I agree with all points said. I too went to see mysore duseera about two years back and found it not worthy of the hype it creates.
Never knew about this side of Mysore Dasara. I’ve been thinking I have to be there once. Well, after reading this I don’t think I will be up for it anytime soon.
I’m really saddened to read this article.. Dasara is the state festival and is one that is connected to the natives on an emotional level to say the least.. what you have written is actually not specific to Mysore and is the case of any big gathering in India. Be it the Pooram in Kerala, Ganesh Visarjan in Mumbai, Durga Pooja in Kolkata, Holi in Mathura etc. It is wrong to write about a particular festival.

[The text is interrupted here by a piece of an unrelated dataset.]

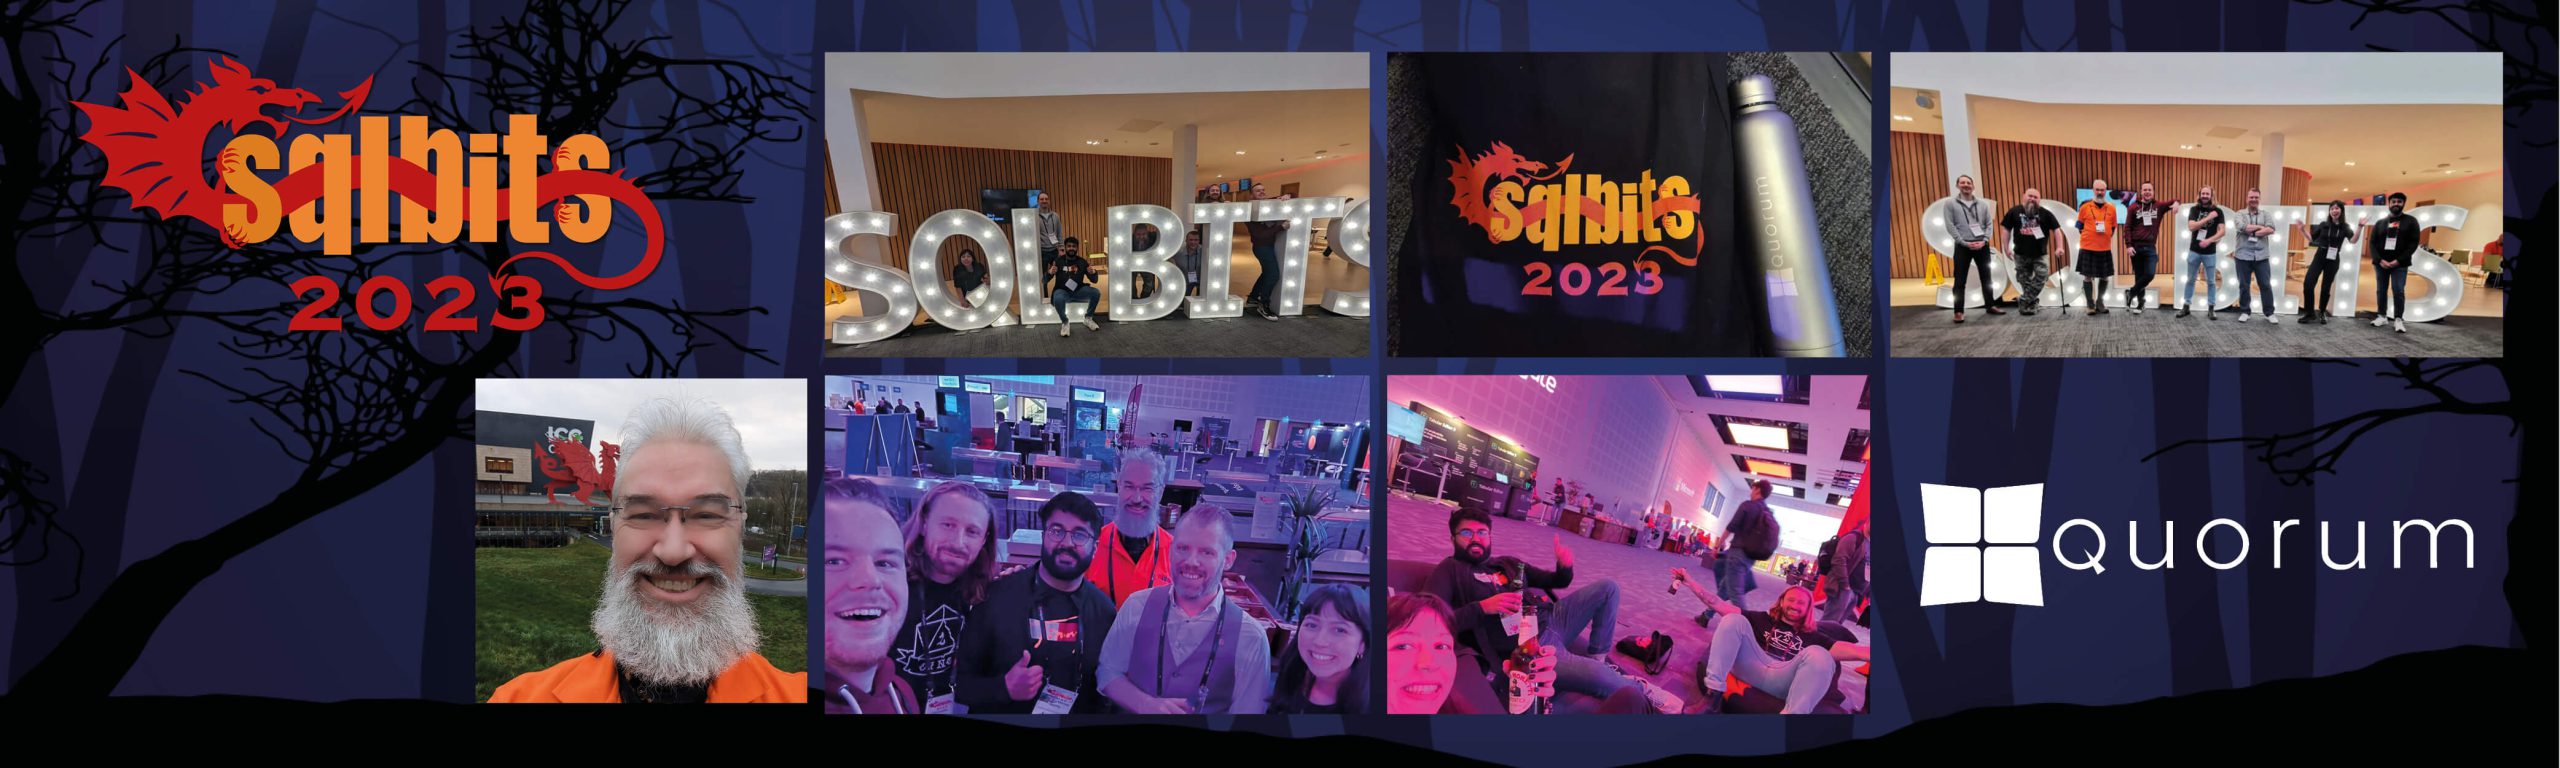 SQLBits 2023 Roundup Header Banner
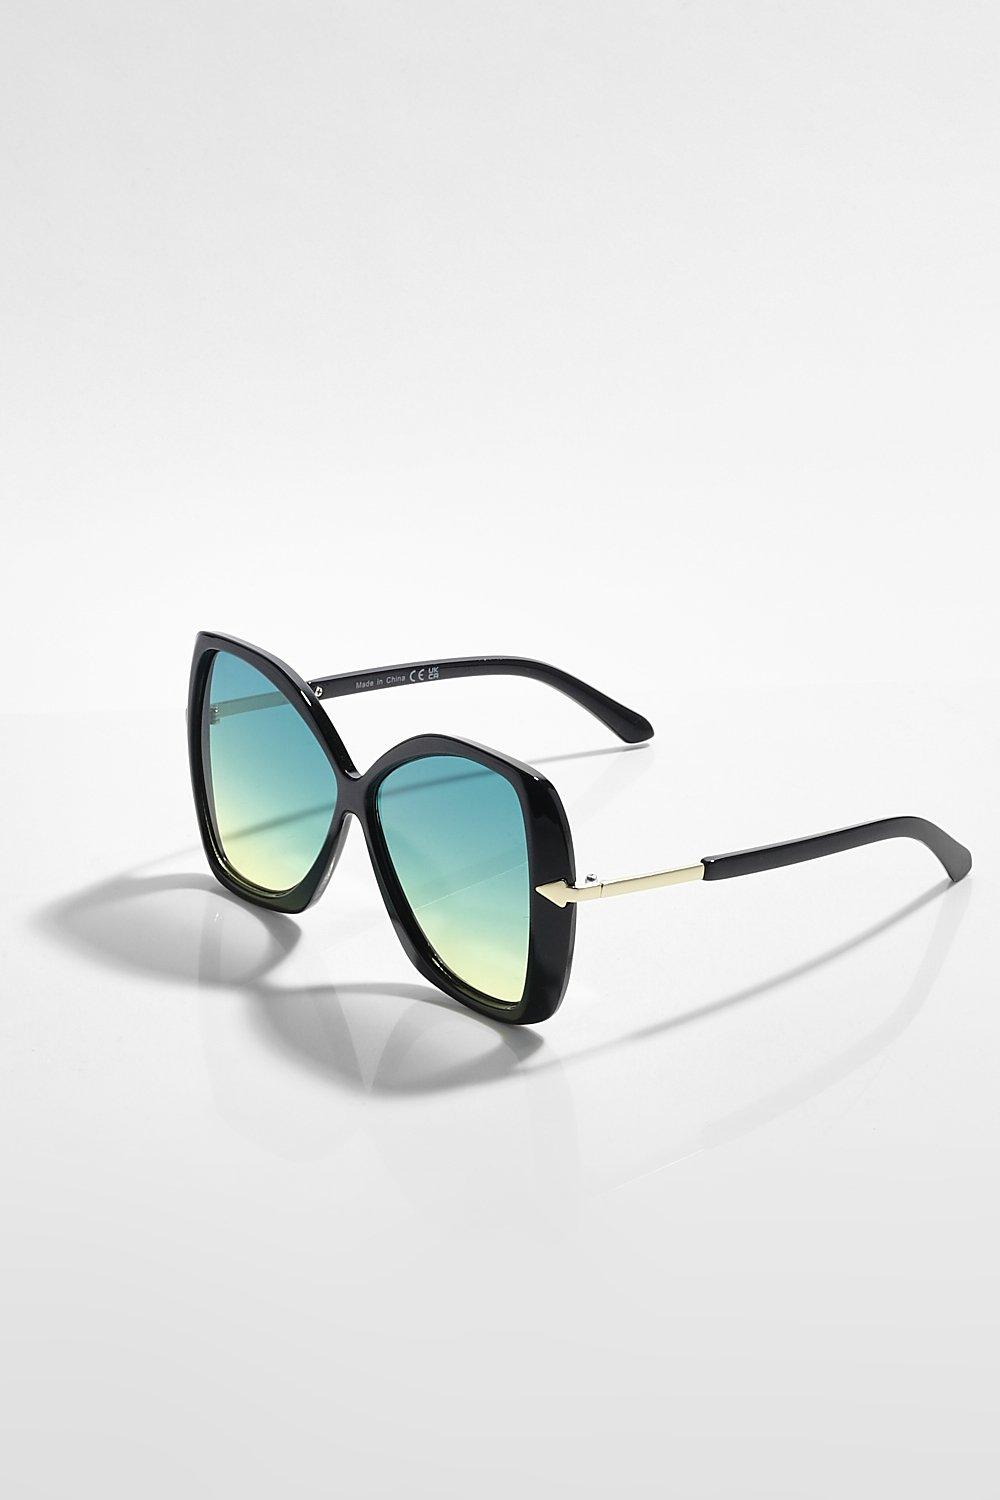 Womens Oversized Tinted Lens Sunglasses - Black - One Size, Black

It is we bloggers/social media influencers to blame who hype up every little place n event. Eventually everyone wants to travel and end up maligning the sanctity of the place… it’s us bloggers to blame n I’m disappointed to read the way this article has portrayed a particular place.
Hi, thanks for dropping by. This kind of inconvenience I have only faced in Mathura. Durga Puja in Kolkata or Ganesh Visarjan in Mumbai are crowded but the crowd is in discipline.
As bloggers and sm influencers (which I am noticing) it should be our responsibility to give a reality check and not only share flowery words about a certain place or event.
I had a similar experience at Mathura last Holi .. so I kno it was all cuz I got “influenced” by some nice stuff on social media… Anyway, I believe travel writing is all about our true experiences and individual perspectives.. so, it’s ok!
Good luck with your travels and keep inspiring 🙂
It takes courage to write so candidly, kudos for the write-up and truth their-in. More power to your efforts and visits.